Il y a quelques jours, le premier ministre Couillard a établi une règle différente. La police prévient le gouvernement quand le niveau de sécurité d'un ministre est touché, sans divulguer la raison. « C'est ainsi qu'on a eu une lumière jaune dans le cas de Pierre Paradis », explique-t-on à son cabinet. M. Paradis avait fait l'objet d'une enquête formelle, après le « signalement » fait par la présumée victime à la police, mais aussi au cabinet du premier ministre. Avec cette interprétation, toutefois, le gouvernement ne serait jamais avisé d'une enquête sur un simple député qui, ne faisant pas partie du Conseil des ministres, n'influe pas sur la gestion du gouvernement.

LES ALLÉGATIONS DE FRANCOEUR

Les communications entre un gouvernement et la police sont au centre du débat lancé la semaine dernière par le président du syndicat des policiers montréalais, Yves Francoeur. Ce dernier a soutenu que l'enquête sur deux élus libéraux, prête à déboucher sur des accusations, avait été bloquée au bureau du Directeur des poursuites criminelles et pénales (DPCP). M. Francoeur parlait d'écoute électronique et de filature pour ces deux élus ; or, on n'en a pas trouvé de trace à la SQ. Au DPCP, la directrice Annick Murphy a souligné dans un premier temps que son organisme n'avait jamais eu un tel dossier en main. Cette semaine, elle a demandé le déclenchement d'une enquête criminelle pour tirer au clair les allégations de M. Francoeur.

C'est avec cette série de controverses que témoigneront toute la journée aujourd'hui le commissaire de l'Unité permanente anticorruption (UPAC), Robert Lafrenière, et le directeur général de la SQ, Martin Prud'homme, dans le cadre de l'étude des crédits de la Sécurité publique. À l'UPAC, on a fait savoir que M. Lafrenière ne ferait pas de point de presse avant ou après son témoignage.

DES SPECTATEURS INUSITÉS

La commission parlementaire aura des spectateurs inusités. Lino Zambito, Luigi Coretti et Ken Peireira, trois acteurs déterminants dans les années de controverse autour de l'éthique du gouvernement Charest, comptent se rendre au Parlement pour assister à la commission.

Dans son ouvrage Le témoin, M. Zambito affirme que le patron de l'UPAC, M. Lafrenière, s'entretient régulièrement avec le chef de cabinet du premier ministre Couillard, Jean-Louis Dufresne.

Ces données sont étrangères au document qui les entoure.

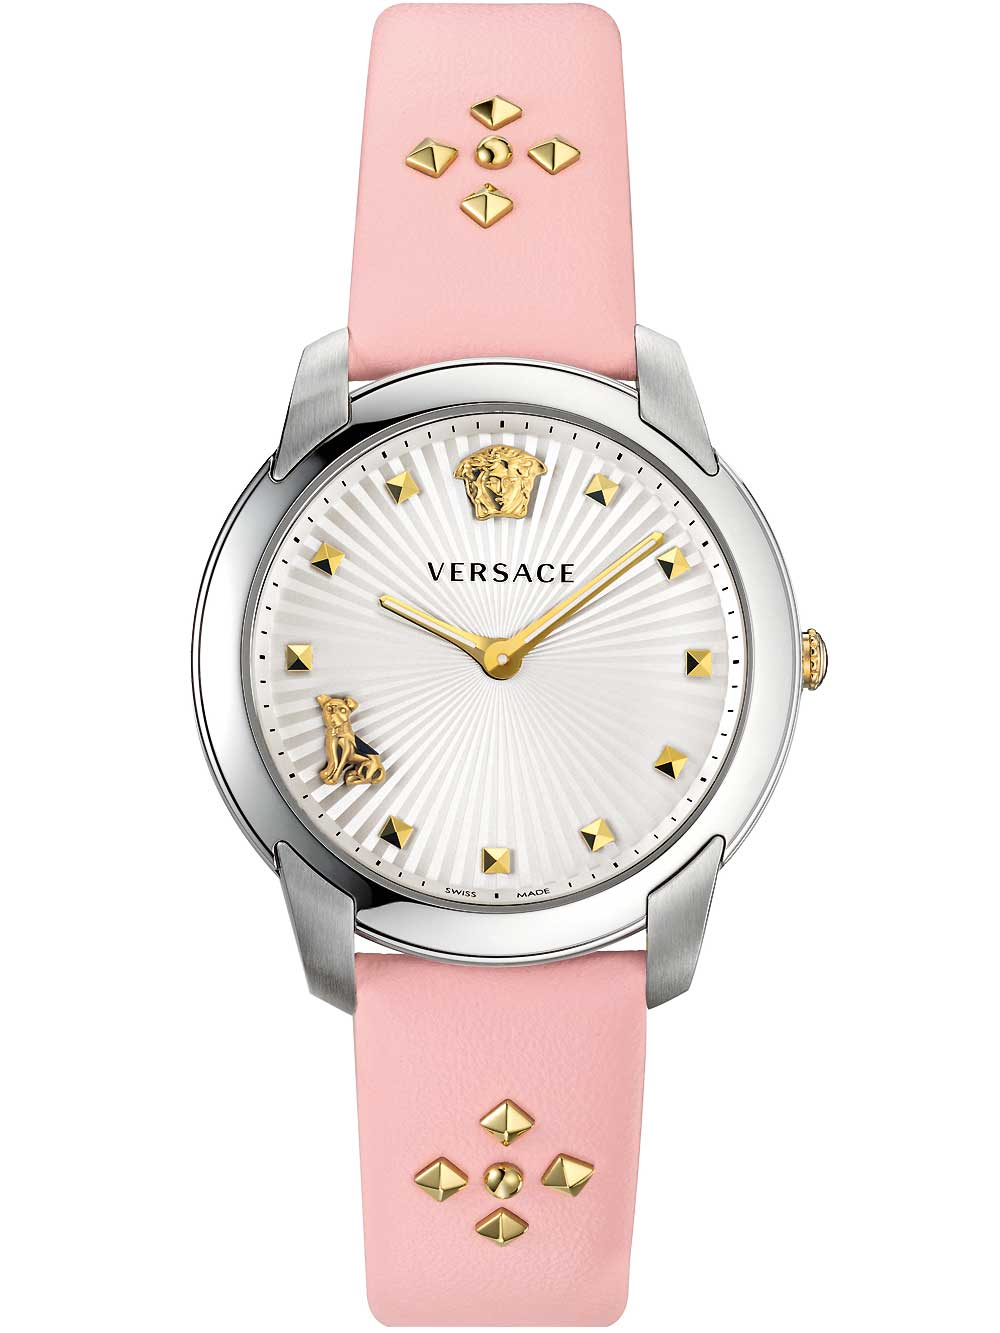 Dámské hodinky Versace VELR00119 Audrey

« Je ne vais pas parler beaucoup, je suis là pour écouter », a prévenu hier M. Coretti, joint par La Presse. L'ancien patron de la firme de sécurité BCIA avait soutenu « corroborer » le mois dernier les dires de Lino Zambito, qui avait allégué que 400 000 $ provenant de firmes de professionnels avaient été transportés dans la limousine du premier ministre Charest. Les déclarations de M. Zambito, à la radio, n'ont pas eu de suites.